Just as I wanted to create a visualisation for different bird species in field recordings, I wanted to see how different parts of a track are related and save time on creating samples. I tried out the method and it was pretty delightful when applied to music rather than birdsong.
This sure removes some of the tedium of sourcing, uploading and converting files to sample – what made you think that this would be a good problem to solve?
JA: Thanks to Reggie Watts, I got an Electro-Harmonix 2880 Super Multi-Track Looper. In contrast to booting up my laptop, plugging in my audio interface, creating a new Ableton set, choosing VSTs, choosing samples and then playing the first notes, all I had to do was hit record, beatbox into the microphone and I had the first inklings of a track.
I was curious if Ethan and I could replicate the same feel in a web browser, and remove the many pains of sampling from music production.
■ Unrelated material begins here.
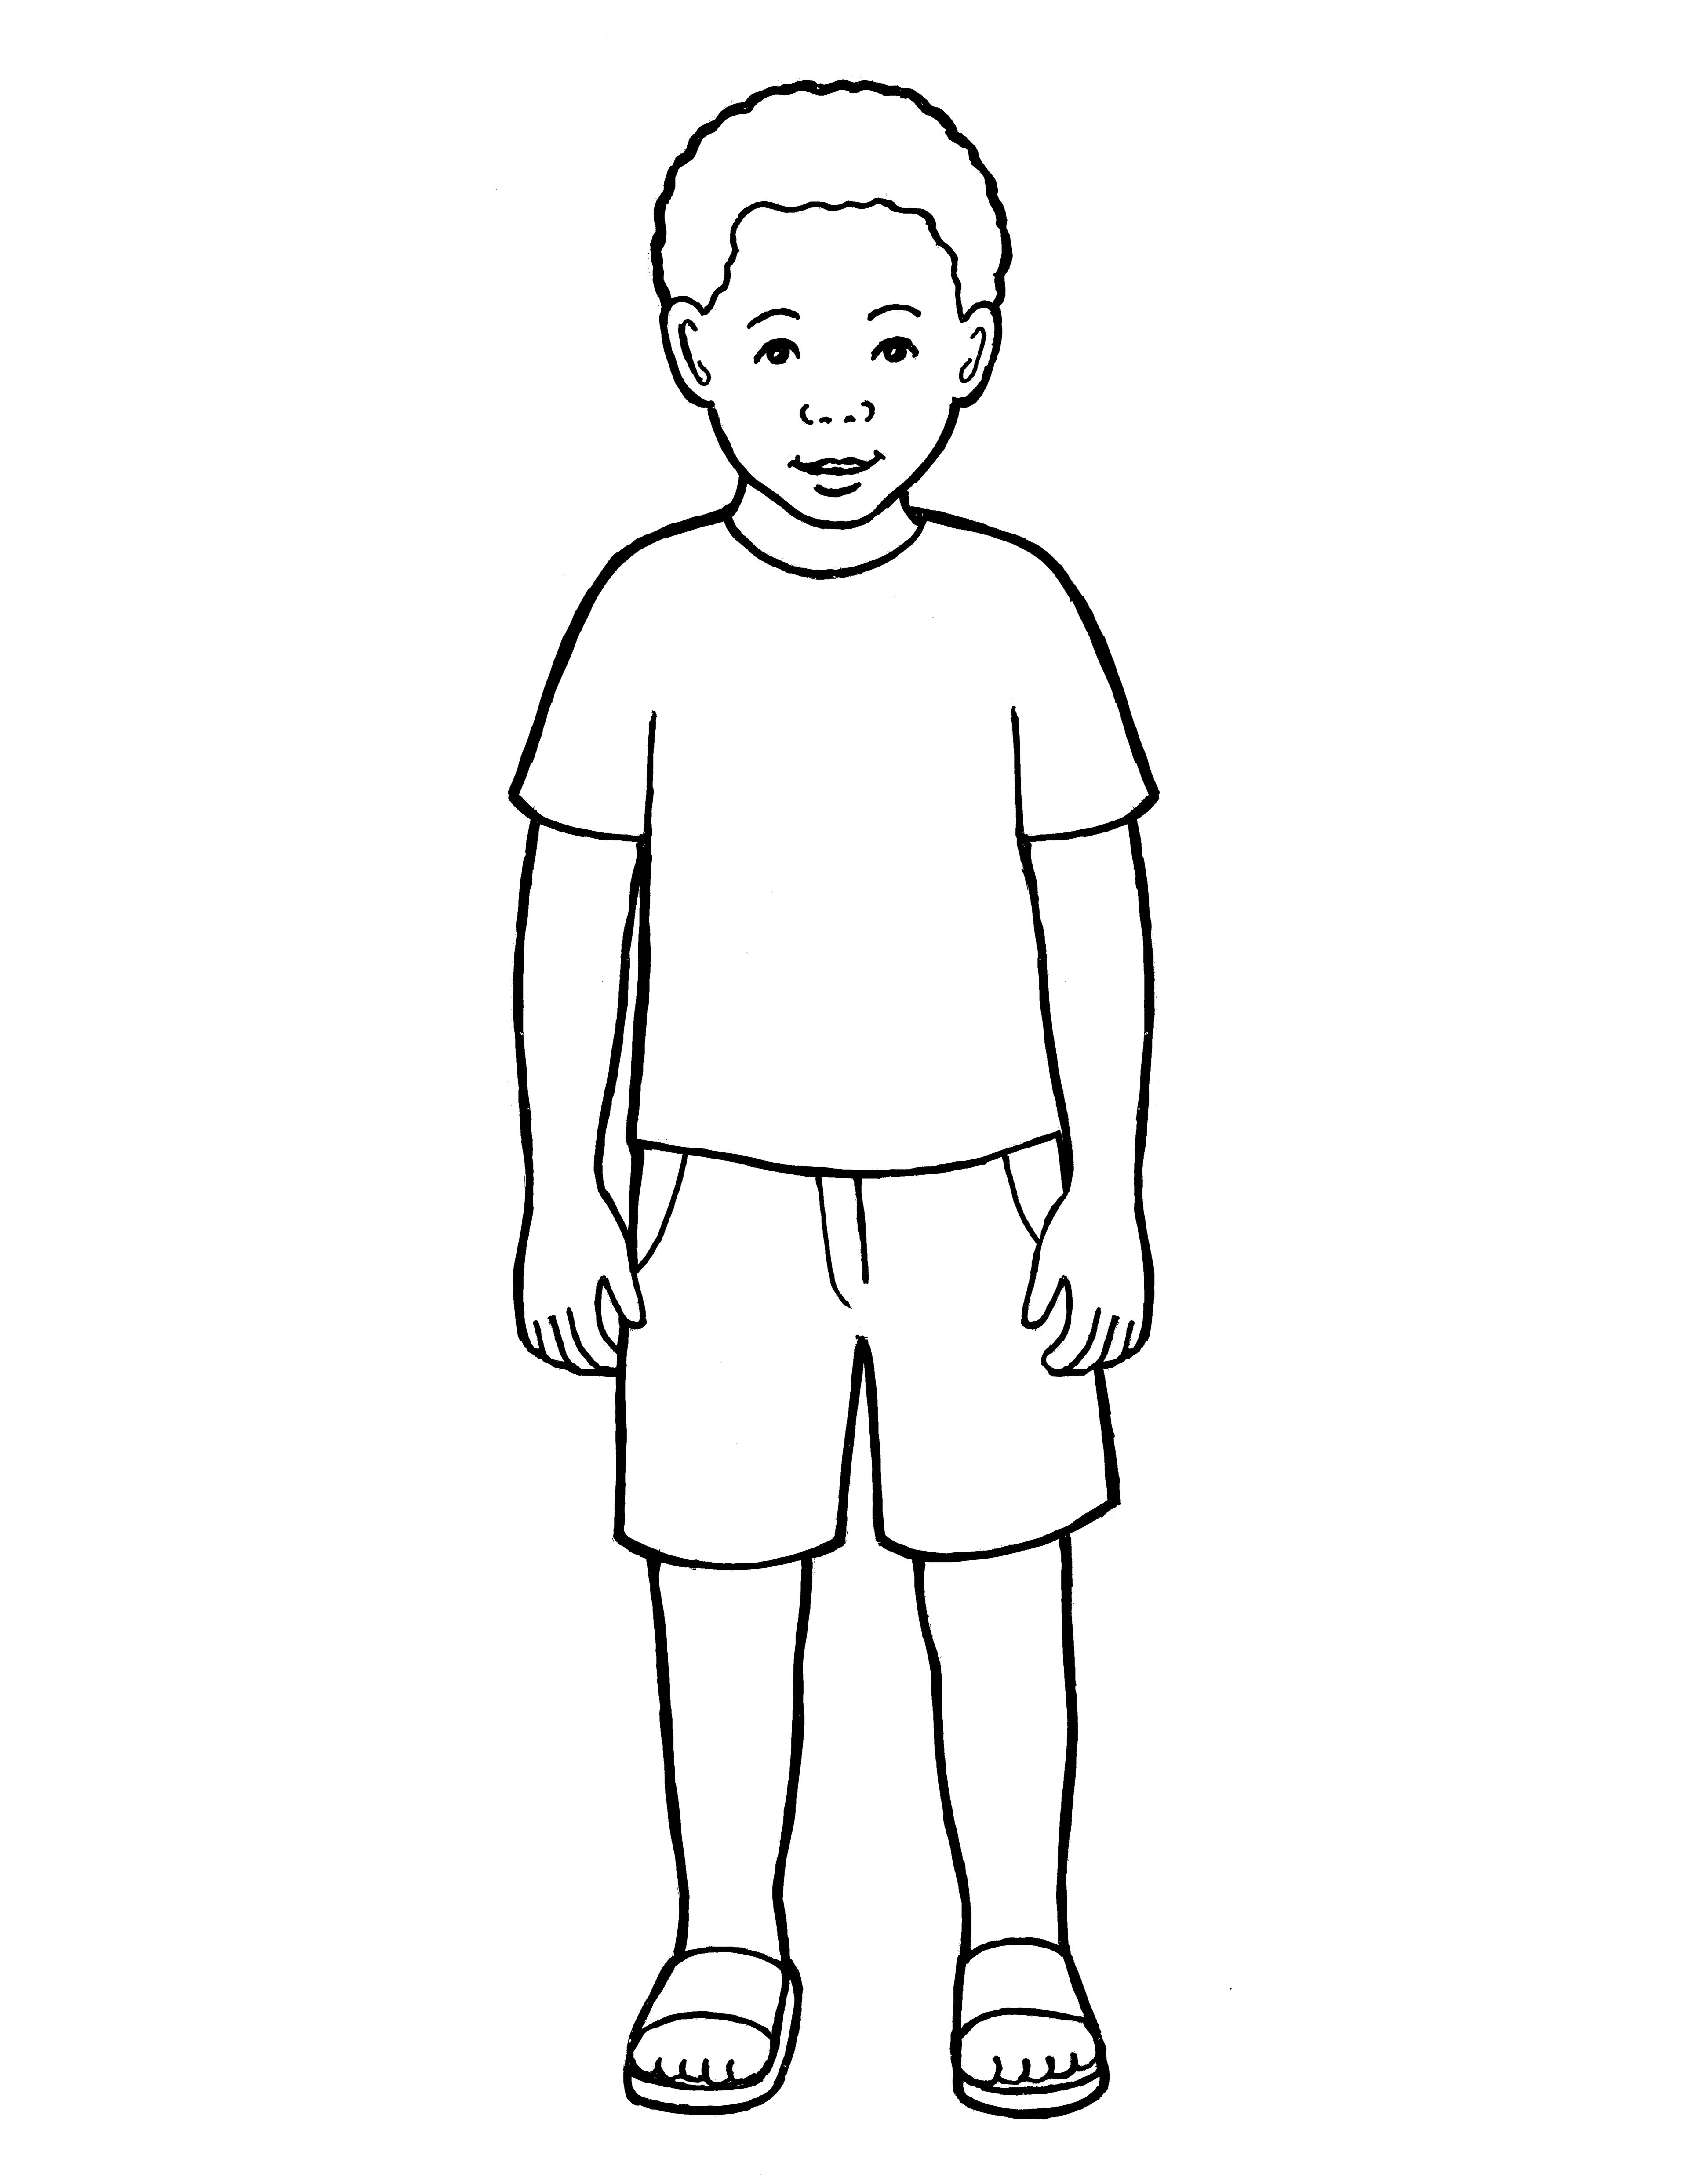 An illustration of a Primary-age boy standing, from the nursery manual Behold Your Little Ones (2008), page 47.

Rather than own a copy of Ableton and know how to chop and slice samples, a user just needs to have a web browser to use MusicMappr.
The goal was to go from raw audio to remix in 30 seconds in any web browser, regardless of whether a user had prior experience with sampling.
How did you come up with the interface design that lets users mouse over samples within a cluster, and play them one by one?
JA and EB: We tested a few different interfaces, and this was the simplest one we could think of that allowed enough flexibility for exploring a track’s samples.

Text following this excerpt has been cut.